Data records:
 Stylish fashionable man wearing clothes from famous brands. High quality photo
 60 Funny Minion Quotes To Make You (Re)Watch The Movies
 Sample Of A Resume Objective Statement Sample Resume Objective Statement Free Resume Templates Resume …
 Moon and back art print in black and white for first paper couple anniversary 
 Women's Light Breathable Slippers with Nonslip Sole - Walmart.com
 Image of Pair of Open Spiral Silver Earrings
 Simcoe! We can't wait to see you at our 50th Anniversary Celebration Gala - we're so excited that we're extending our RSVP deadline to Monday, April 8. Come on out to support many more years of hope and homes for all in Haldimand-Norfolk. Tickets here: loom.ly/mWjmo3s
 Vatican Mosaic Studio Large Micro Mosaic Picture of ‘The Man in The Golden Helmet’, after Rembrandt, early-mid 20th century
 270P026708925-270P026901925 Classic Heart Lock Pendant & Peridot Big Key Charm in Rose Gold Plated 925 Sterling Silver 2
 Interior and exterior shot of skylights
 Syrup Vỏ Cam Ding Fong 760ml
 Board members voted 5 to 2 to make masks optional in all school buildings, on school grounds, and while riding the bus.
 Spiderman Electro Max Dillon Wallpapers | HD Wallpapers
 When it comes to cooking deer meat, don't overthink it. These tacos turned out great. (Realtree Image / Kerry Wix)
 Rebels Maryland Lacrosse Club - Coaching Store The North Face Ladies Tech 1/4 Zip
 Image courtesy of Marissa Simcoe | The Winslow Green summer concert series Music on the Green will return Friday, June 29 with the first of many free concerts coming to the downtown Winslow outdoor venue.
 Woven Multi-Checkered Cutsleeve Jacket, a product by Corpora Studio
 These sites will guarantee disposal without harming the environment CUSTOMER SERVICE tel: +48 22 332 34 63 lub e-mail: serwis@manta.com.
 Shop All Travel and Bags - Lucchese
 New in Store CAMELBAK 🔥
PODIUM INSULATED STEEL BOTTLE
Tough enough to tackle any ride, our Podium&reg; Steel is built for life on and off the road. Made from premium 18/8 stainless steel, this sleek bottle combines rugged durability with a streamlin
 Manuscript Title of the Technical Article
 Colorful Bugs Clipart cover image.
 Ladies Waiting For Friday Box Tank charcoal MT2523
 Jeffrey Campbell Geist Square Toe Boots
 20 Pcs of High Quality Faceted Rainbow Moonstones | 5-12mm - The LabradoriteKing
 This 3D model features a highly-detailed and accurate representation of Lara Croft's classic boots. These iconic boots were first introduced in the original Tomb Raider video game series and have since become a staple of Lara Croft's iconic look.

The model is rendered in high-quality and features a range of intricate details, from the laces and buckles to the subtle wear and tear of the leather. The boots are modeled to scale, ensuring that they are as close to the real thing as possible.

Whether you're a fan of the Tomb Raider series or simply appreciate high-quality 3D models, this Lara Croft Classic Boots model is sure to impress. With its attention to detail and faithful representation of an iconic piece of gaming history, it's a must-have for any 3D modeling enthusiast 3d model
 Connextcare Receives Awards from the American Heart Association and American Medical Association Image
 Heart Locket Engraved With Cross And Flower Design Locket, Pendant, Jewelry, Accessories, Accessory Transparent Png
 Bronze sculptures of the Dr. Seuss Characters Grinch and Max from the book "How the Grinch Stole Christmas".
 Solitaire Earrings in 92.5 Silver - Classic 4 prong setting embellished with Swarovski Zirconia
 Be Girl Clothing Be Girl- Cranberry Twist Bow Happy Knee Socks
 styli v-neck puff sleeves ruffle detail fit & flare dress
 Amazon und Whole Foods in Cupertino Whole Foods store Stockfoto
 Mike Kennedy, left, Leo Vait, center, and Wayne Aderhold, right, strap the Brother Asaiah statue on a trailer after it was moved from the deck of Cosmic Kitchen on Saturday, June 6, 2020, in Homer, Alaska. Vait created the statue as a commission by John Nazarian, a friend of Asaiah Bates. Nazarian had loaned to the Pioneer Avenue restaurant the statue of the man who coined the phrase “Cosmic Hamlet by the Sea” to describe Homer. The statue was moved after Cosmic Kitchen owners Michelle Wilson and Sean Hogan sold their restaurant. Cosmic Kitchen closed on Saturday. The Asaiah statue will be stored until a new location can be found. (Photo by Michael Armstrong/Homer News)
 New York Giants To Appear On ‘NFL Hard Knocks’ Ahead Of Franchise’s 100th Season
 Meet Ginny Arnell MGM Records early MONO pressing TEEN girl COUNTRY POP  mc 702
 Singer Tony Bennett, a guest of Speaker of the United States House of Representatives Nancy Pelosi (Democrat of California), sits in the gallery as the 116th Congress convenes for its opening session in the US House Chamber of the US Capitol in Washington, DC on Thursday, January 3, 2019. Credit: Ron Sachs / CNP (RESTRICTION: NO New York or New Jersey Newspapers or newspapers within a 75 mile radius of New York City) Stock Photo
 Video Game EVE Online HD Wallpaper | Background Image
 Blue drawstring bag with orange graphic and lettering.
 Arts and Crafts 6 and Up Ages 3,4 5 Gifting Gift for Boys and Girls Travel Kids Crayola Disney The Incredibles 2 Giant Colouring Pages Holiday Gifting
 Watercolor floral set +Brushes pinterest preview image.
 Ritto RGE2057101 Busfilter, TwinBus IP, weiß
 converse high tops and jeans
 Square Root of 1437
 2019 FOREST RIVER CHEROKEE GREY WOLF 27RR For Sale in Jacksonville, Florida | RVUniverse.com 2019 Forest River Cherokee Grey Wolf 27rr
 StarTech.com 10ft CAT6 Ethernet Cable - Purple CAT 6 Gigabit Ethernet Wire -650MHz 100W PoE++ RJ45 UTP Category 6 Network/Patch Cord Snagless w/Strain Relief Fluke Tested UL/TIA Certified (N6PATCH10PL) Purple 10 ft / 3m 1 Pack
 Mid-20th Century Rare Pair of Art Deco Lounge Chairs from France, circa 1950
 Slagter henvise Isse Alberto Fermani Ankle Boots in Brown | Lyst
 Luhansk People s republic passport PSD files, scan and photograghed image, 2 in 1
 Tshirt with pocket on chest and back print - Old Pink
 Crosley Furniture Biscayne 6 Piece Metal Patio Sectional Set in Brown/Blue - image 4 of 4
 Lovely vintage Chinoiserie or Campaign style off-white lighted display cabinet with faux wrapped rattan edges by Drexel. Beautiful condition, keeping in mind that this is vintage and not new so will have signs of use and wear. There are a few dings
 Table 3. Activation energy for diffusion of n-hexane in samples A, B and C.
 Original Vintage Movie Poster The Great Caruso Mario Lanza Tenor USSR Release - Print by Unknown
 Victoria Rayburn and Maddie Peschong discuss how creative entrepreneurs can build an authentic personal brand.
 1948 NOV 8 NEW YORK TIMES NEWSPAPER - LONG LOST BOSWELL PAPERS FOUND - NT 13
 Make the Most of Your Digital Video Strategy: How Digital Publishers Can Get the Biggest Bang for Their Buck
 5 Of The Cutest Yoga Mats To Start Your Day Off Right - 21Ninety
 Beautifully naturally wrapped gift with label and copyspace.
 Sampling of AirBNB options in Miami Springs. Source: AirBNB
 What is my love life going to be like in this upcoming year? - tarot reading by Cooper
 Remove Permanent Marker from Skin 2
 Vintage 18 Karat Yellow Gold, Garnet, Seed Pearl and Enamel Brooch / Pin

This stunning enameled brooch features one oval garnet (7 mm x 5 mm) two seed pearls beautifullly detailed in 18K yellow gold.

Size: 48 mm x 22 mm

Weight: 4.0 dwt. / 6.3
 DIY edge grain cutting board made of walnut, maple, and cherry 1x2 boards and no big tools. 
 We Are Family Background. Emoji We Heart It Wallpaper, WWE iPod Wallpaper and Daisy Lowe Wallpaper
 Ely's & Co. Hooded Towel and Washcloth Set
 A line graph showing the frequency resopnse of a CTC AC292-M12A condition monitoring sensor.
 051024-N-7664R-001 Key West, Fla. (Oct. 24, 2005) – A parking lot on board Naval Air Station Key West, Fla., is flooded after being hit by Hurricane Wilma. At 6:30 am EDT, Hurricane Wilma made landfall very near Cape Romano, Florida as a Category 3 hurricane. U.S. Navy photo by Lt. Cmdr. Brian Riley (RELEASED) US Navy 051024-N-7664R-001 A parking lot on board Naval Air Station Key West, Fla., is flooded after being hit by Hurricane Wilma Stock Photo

**WORK ITEM**
Print the records verbatim, stopping after the "Image of Pair of Open Spiral Silver Earrings" line.

**EXPECTED ANSWER**
 Stylish fashionable man wearing clothes from famous brands. High quality photo
 60 Funny Minion Quotes To Make You (Re)Watch The Movies
 Sample Of A Resume Objective Statement Sample Resume Objective Statement Free Resume Templates Resume …
 Moon and back art print in black and white for first paper couple anniversary 
 Women's Light Breathable Slippers with Nonslip Sole - Walmart.com
 Image of Pair of Open Spiral Silver Earrings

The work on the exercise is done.